■ HOW TO COMPLETE THIS TASK:
Taking the listing below line by line, tally those that contain the string "Schmiedeeisen". Give the total alone.

■ INPUT DATA:
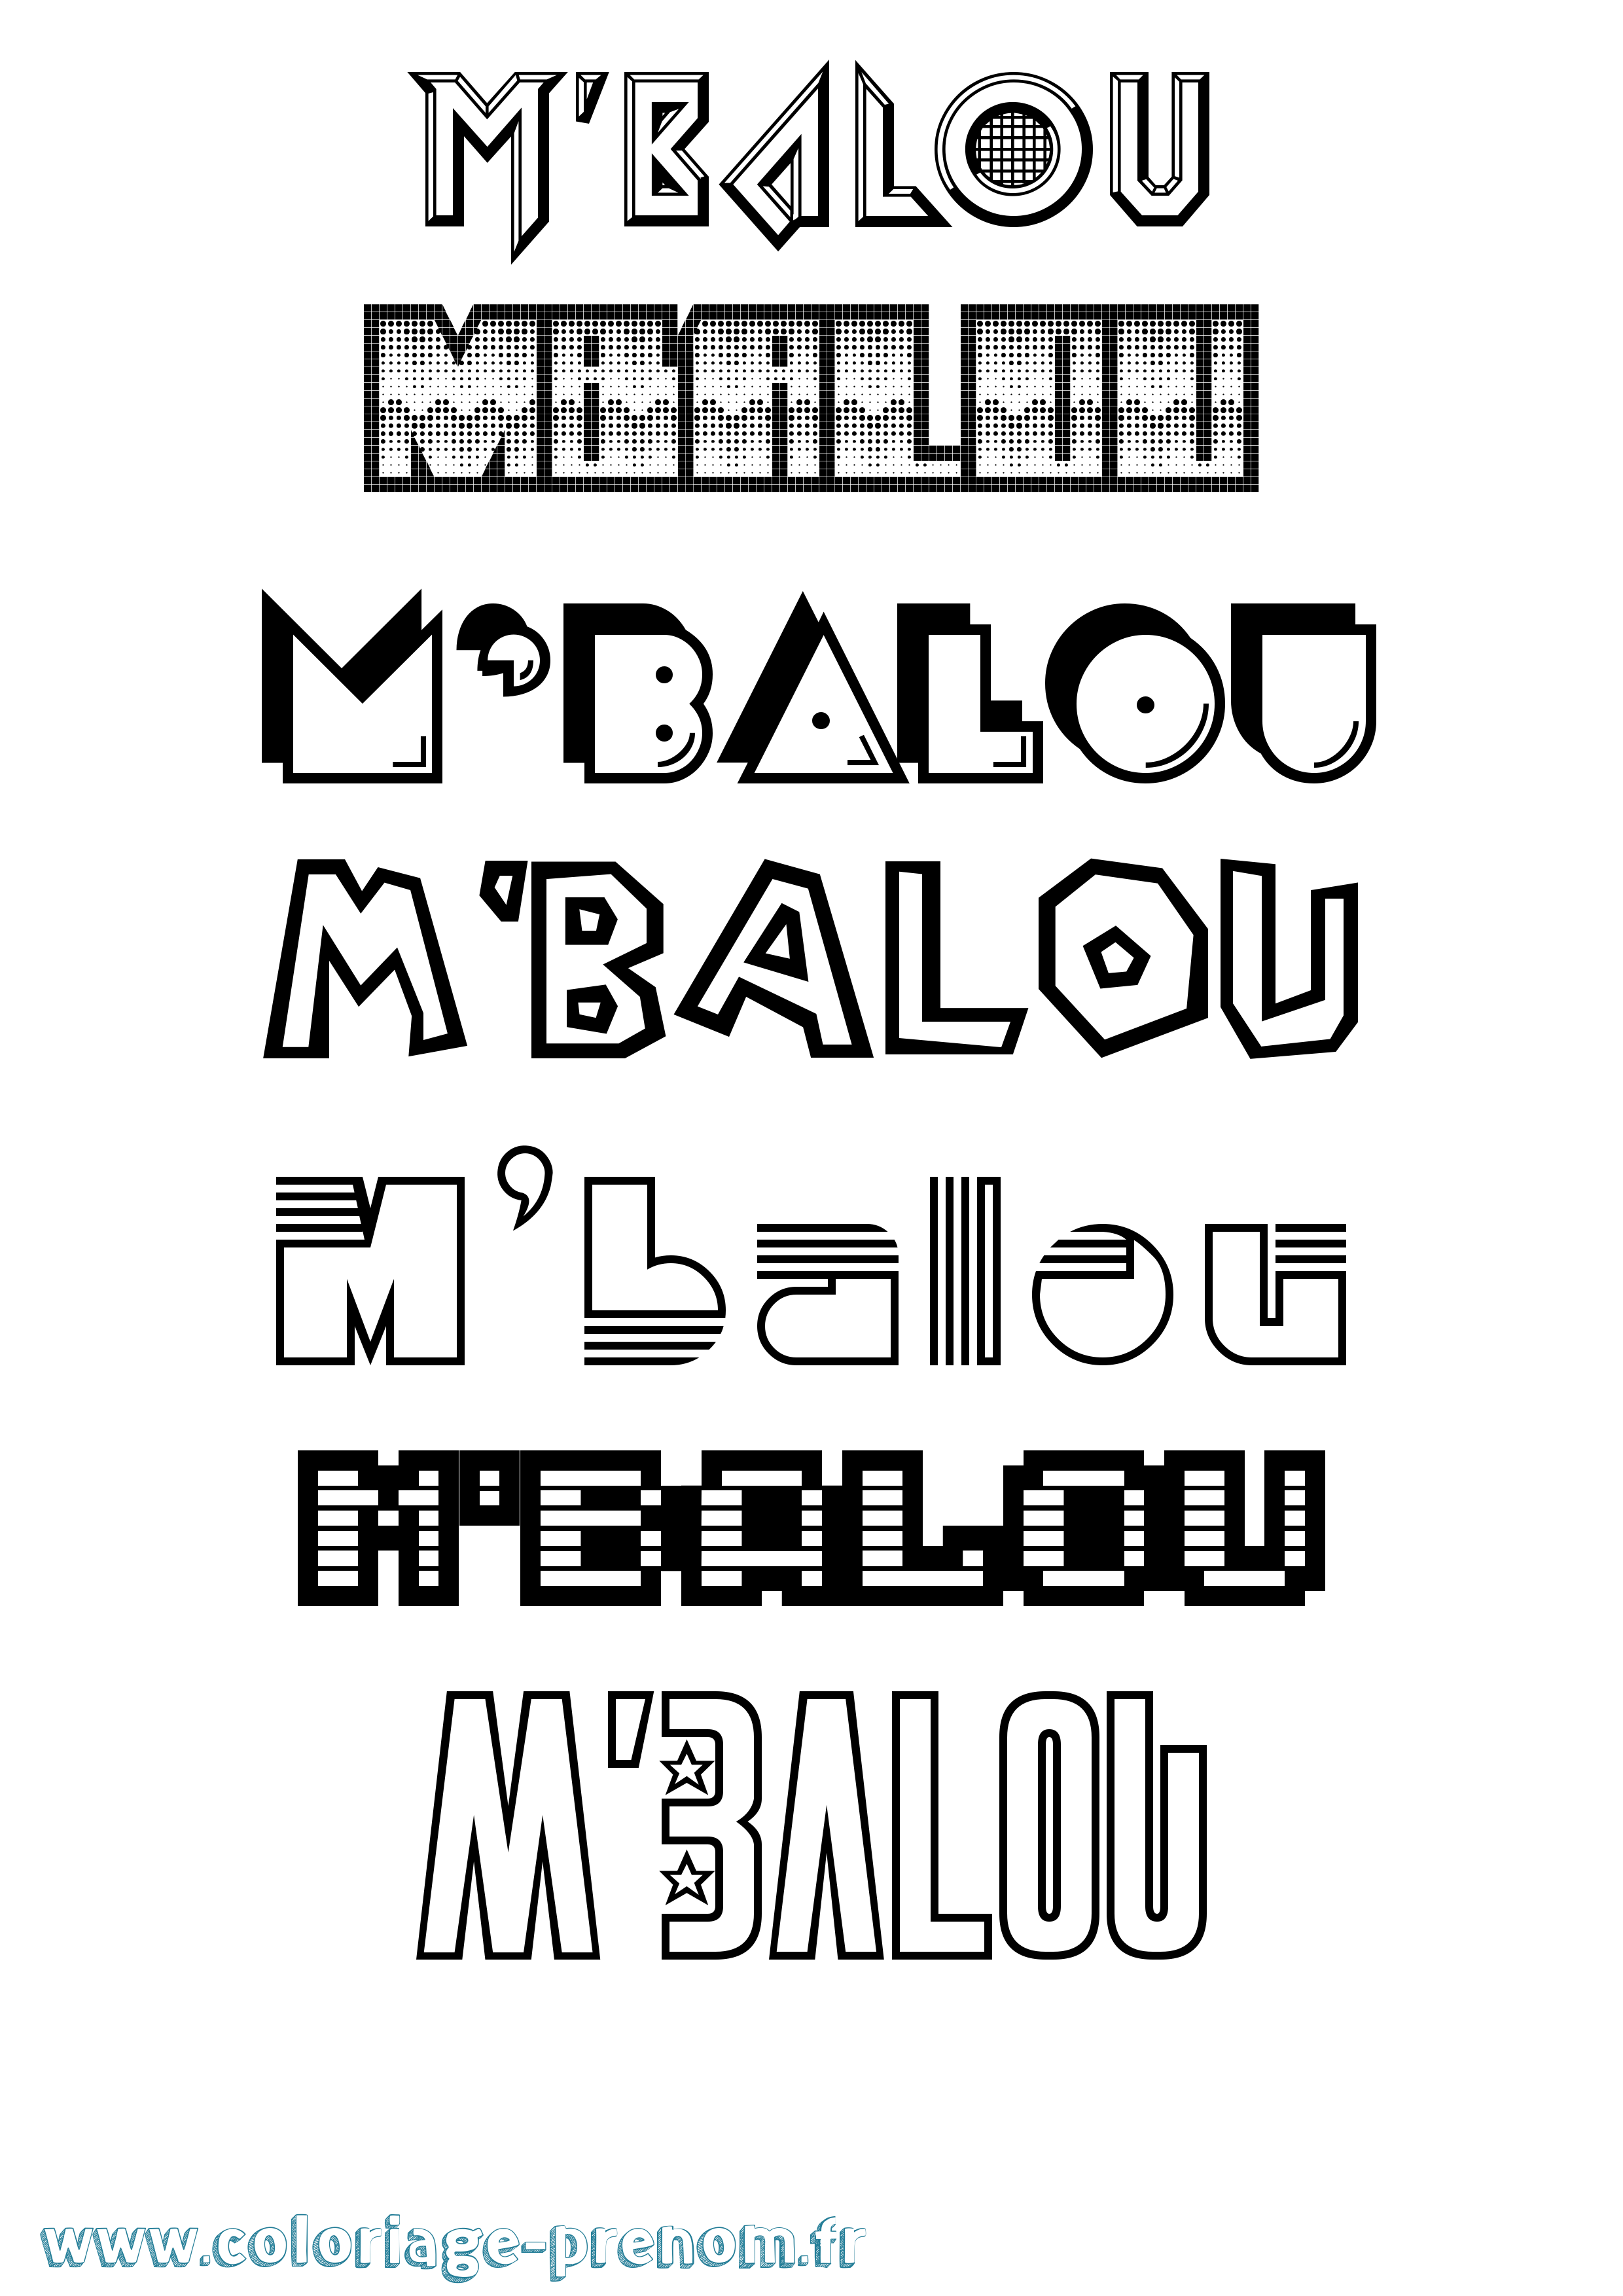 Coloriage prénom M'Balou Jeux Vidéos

--

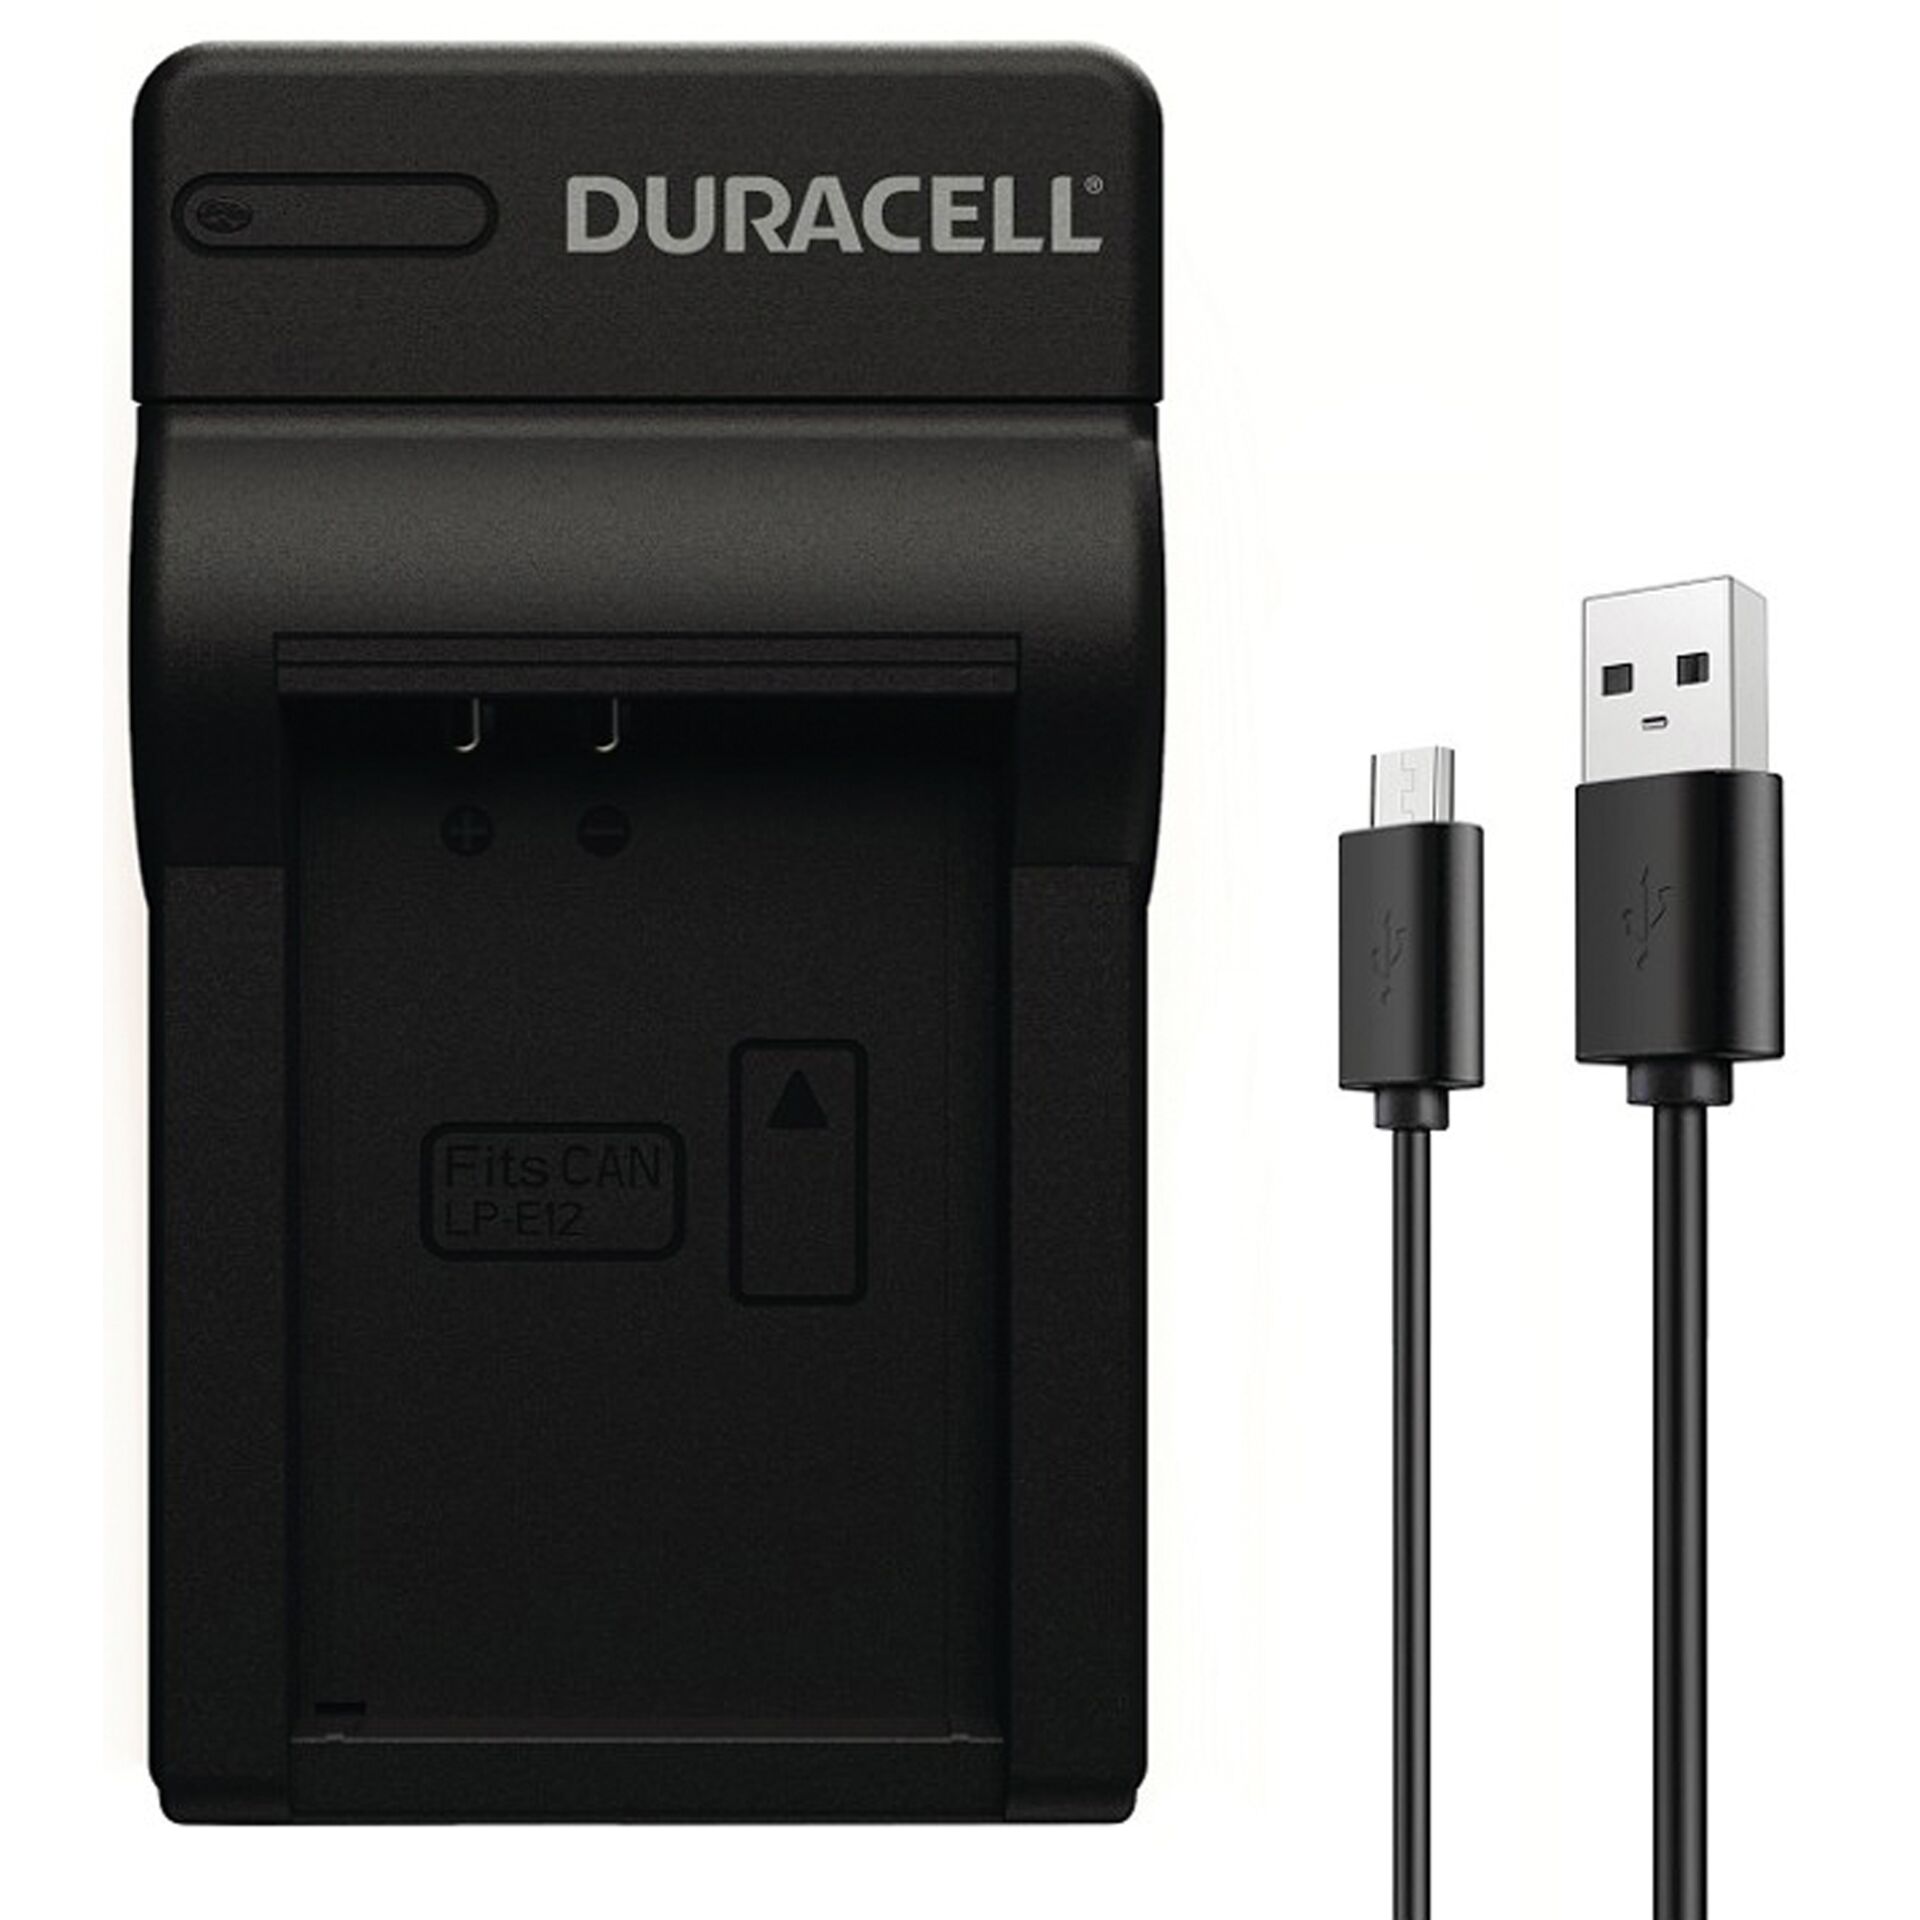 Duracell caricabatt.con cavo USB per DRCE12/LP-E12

==

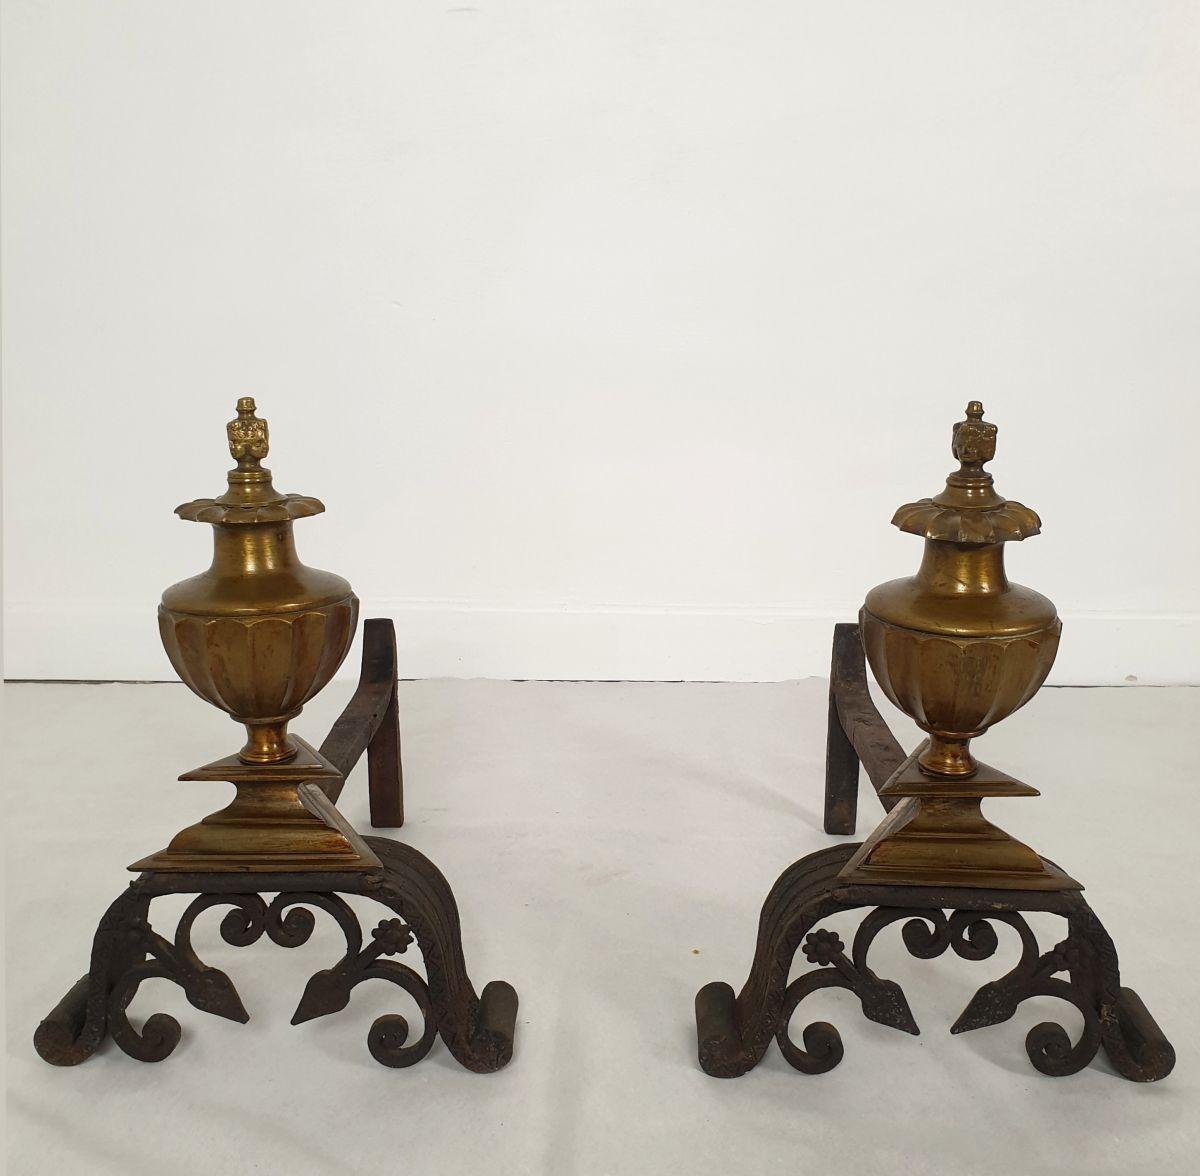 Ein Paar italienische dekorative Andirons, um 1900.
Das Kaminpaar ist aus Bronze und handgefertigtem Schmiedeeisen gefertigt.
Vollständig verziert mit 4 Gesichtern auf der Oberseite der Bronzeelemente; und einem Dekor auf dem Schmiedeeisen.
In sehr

■ FINISHED EXERCISE:
2